*** Data provided ***

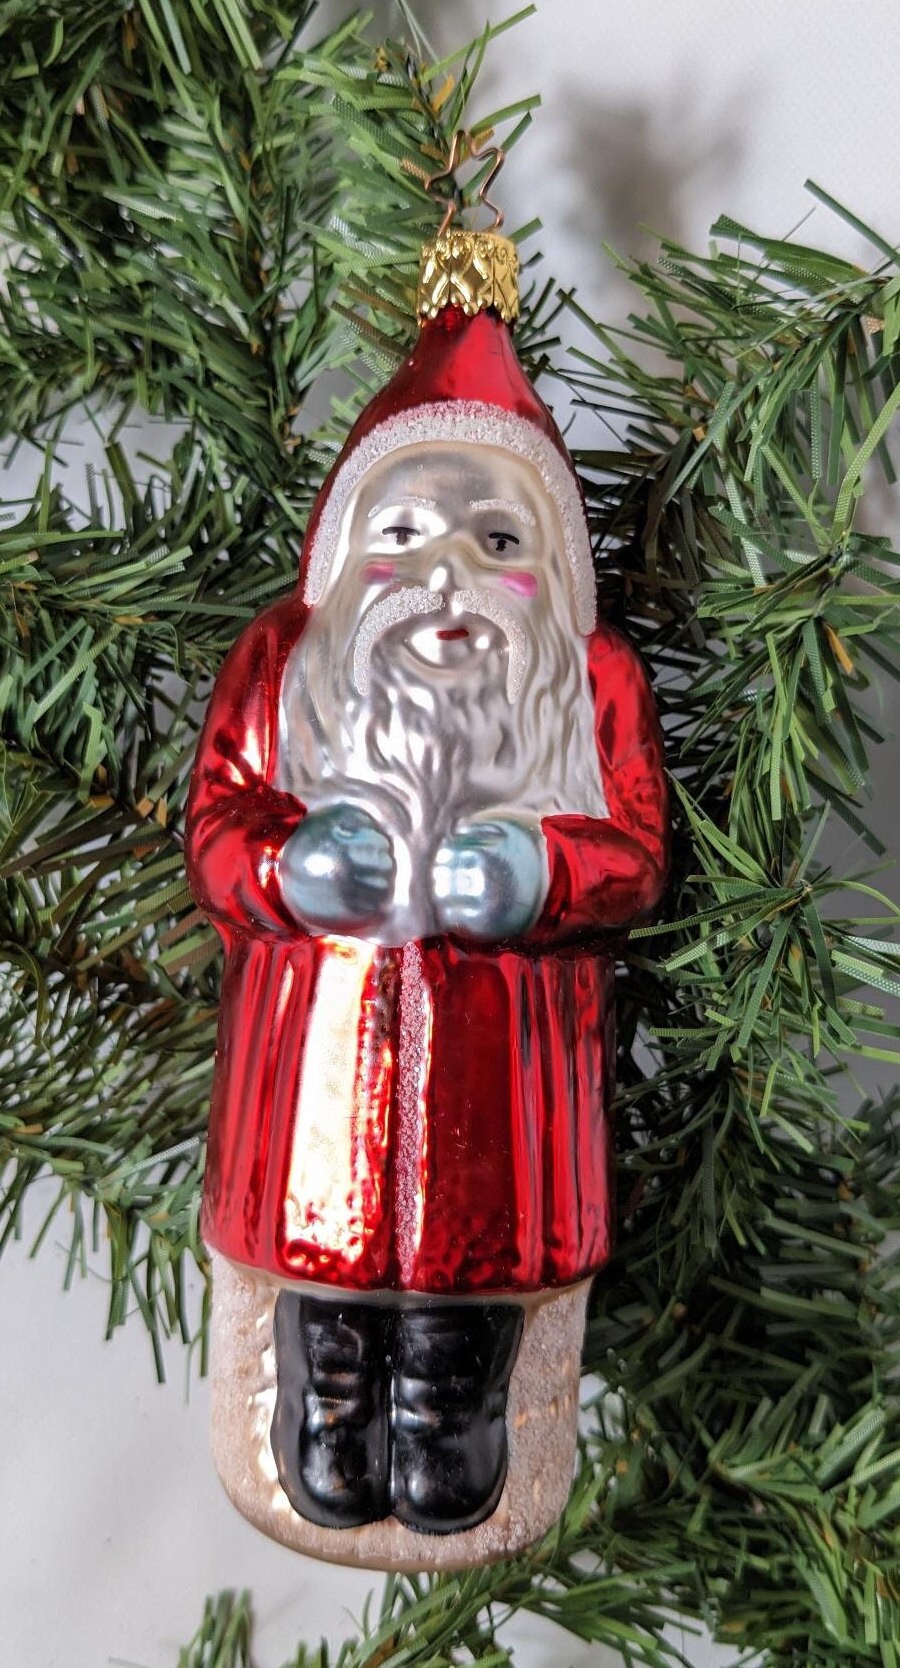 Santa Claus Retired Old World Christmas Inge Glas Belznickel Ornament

***
*** Data provided ***

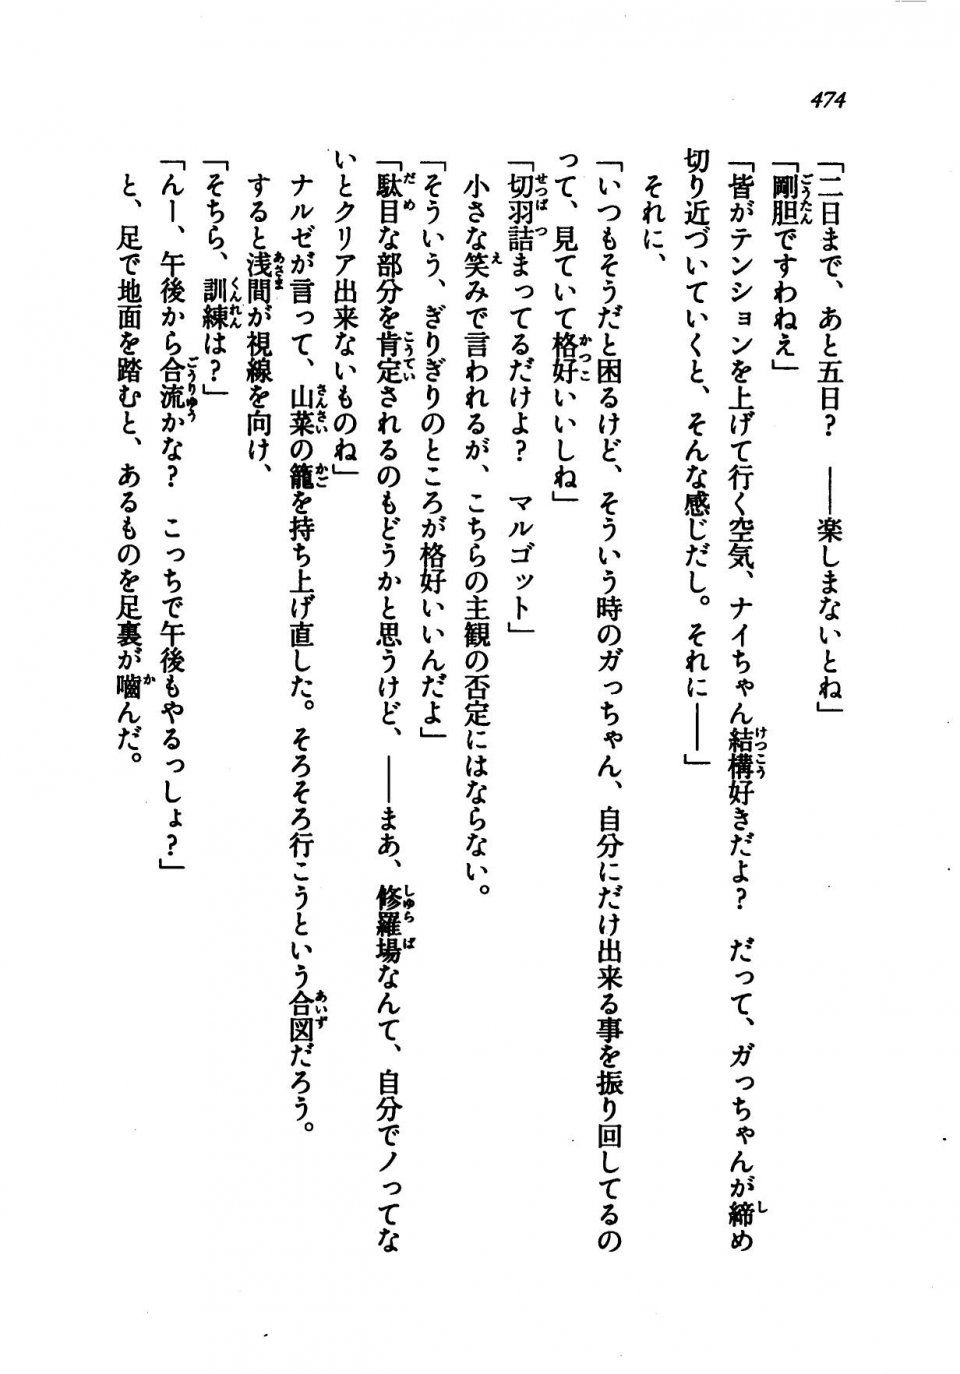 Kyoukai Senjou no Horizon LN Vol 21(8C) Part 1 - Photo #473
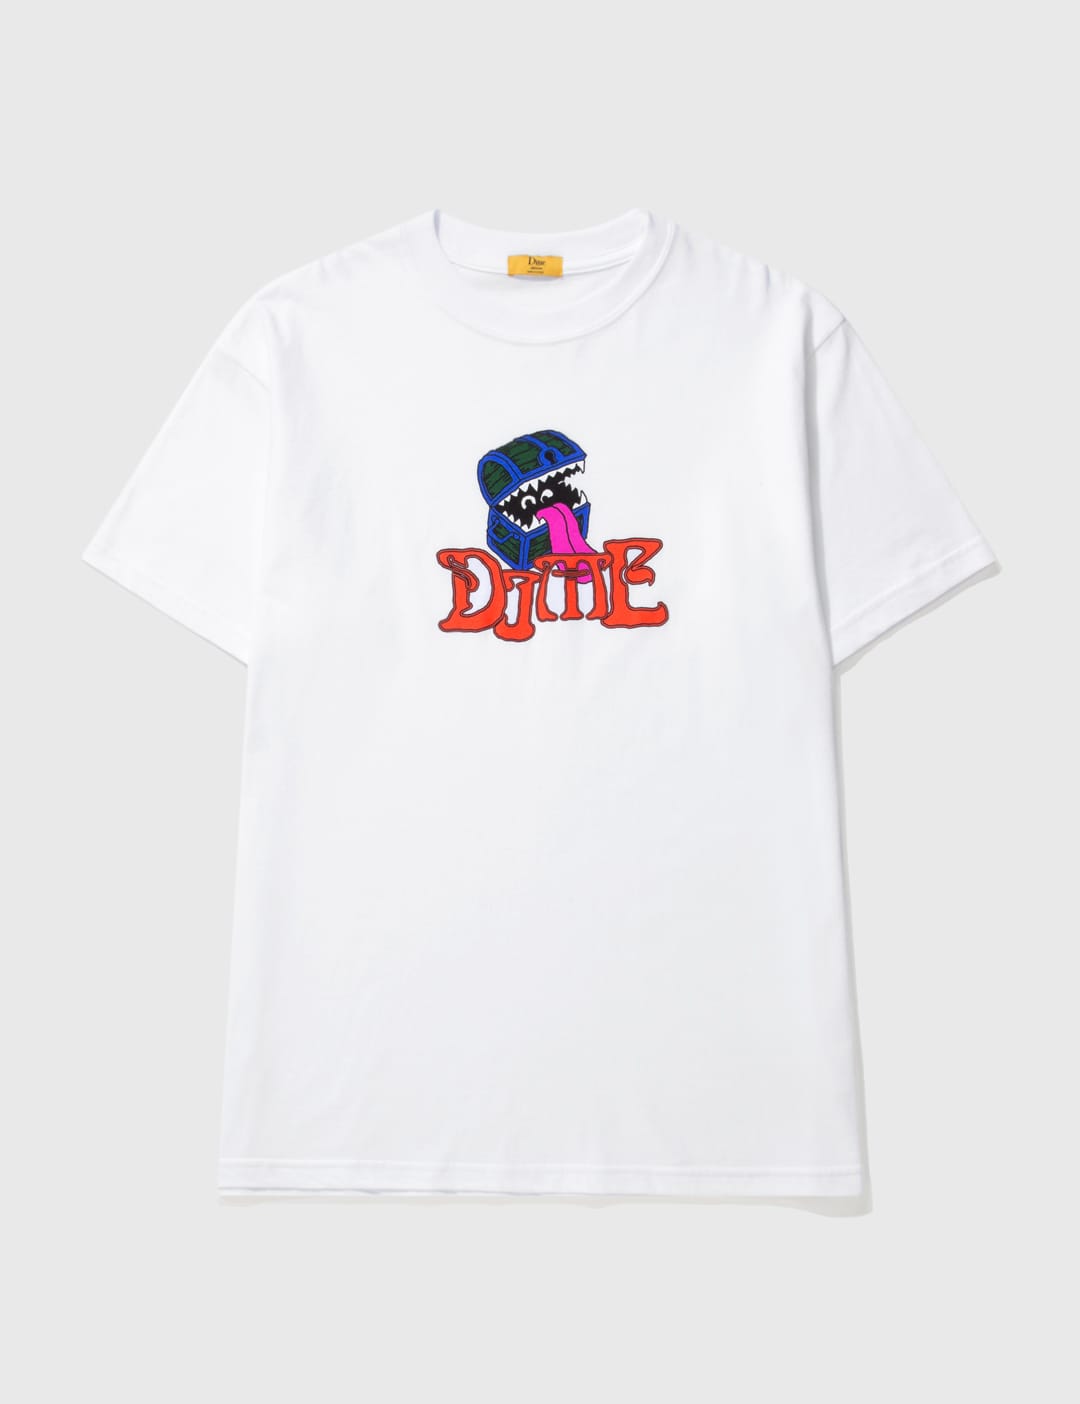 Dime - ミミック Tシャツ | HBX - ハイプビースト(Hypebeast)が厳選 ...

***

▸ Exercise requirements: Transcribe only this stretch of the data: the line with "Kyoukai Senjou no", the line with "Dime - ミミック", and every line in between. Leave out the pictures.

▸ Response to this task:
 Kyoukai Senjou no Horizon LN Vol 21(8C) Part 1 - Photo #473
 Dime - ミミック Tシャツ | HBX - ハイプビースト(Hypebeast)が厳選 ...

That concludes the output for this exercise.